Successful companies have a lean profile, providing flexibility to meet changing business conditions. By contrast, companies with traditional management models that include fixed locations, costs, and employee work practices create significant inefficiencies and obstacles to achieving corporate agility. These companies will need to rethink many aspects of their management models before implementing progressive plans to achieve true corporate agility.
Demographic shifts, a change in strategic direction, and a volatile economy are all unpredictable factors that can suddenly cause a need for contraction or expansion, but real estate occupancy tends to be a long-term decision. Corporate real estate departments strive to maintain flexibility in their portfolios through shorter lease terms, expansion/contraction options, and staggered lease expirations, as well as space layouts that can be changed easily to accommodate more people. A portfolio strategy well matched to the various demand and risk profiles of a company's space requirements can introduce the desired flexibility - and at the right cost.
Five Steps to Achieving Agility
Too often companies focus on workplace solutions solely as a real estate initiative to cut costs and often lose the ability to support the rapid change required from the business. Numerous Fortune 1000 companies have proven that agility-building processes can be used in a variety of scenarios when integrated support programs are in place. Examples of integrated support programs include onboarding (i.e., employee orientation and mainstreaming), labor-based location solutions, workplace repositioning, or data center site and building selection. These programs require open collaboration across human resources, real estate, and information technology. By integrating these functions, a company will increase its agility.
1. Create shared need.
• Assemble a high-level executive task force of information technology, real estate, and human resources executives.
• Develop an integrated value
• Identify strategic outcomes.
• Align strategy among functions.
Driving collaboration is no easy task. Ambiguous goals and misaligned agendas can undermine productive teamwork. Instead, teamwork relies on an open leadership approach.
For example, Accenture - a global management consulting, technology services, and outsourcing company - created a shared need to align its real estate and information technology functions.
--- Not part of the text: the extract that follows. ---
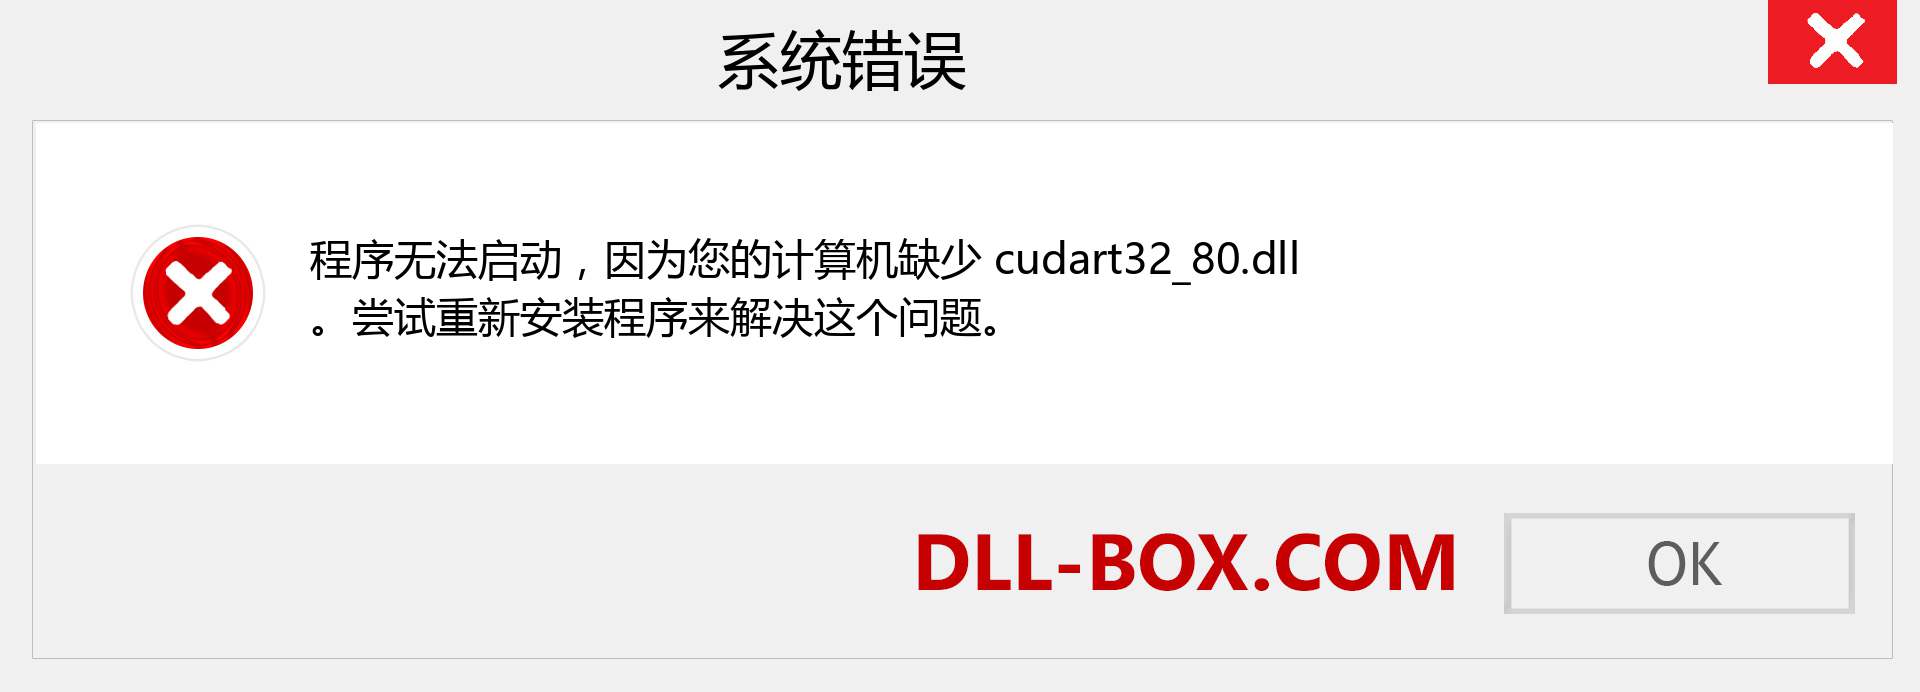 cudart32_80.dll 文件丢失？。 适用于 Windows 7、8、10 的下载 - 修复 Windows、照片、图像上的 cudart32_80 dll 丢失错误

The firm allocated a portion of the real estate cost savings associated with its workplace flexibility initiative to fund technology reinvestment for all employees.
In order to facilitate open communication, a scorecard should be used to monitor and report results against program costs and savings. This tool reinforces the shared need and creates interest at all levels within the organization.
2. Shape the vision.
• Build a business case.
• Assess current workspace utilization.
• Analyze information and develop scenarios.
• Identify necessary changes in processes and systems.
• Address "what's in it for me" issues.
Once senior leadership signs off on project goals, the next step is to analyze opportunities and model outcomes to create a business case. Assembling a team of action-oriented problem-solvers is key. The expanded team that includes business leaders impacted by this change will collect data, analyze information, and identify possible scenarios before moving forward.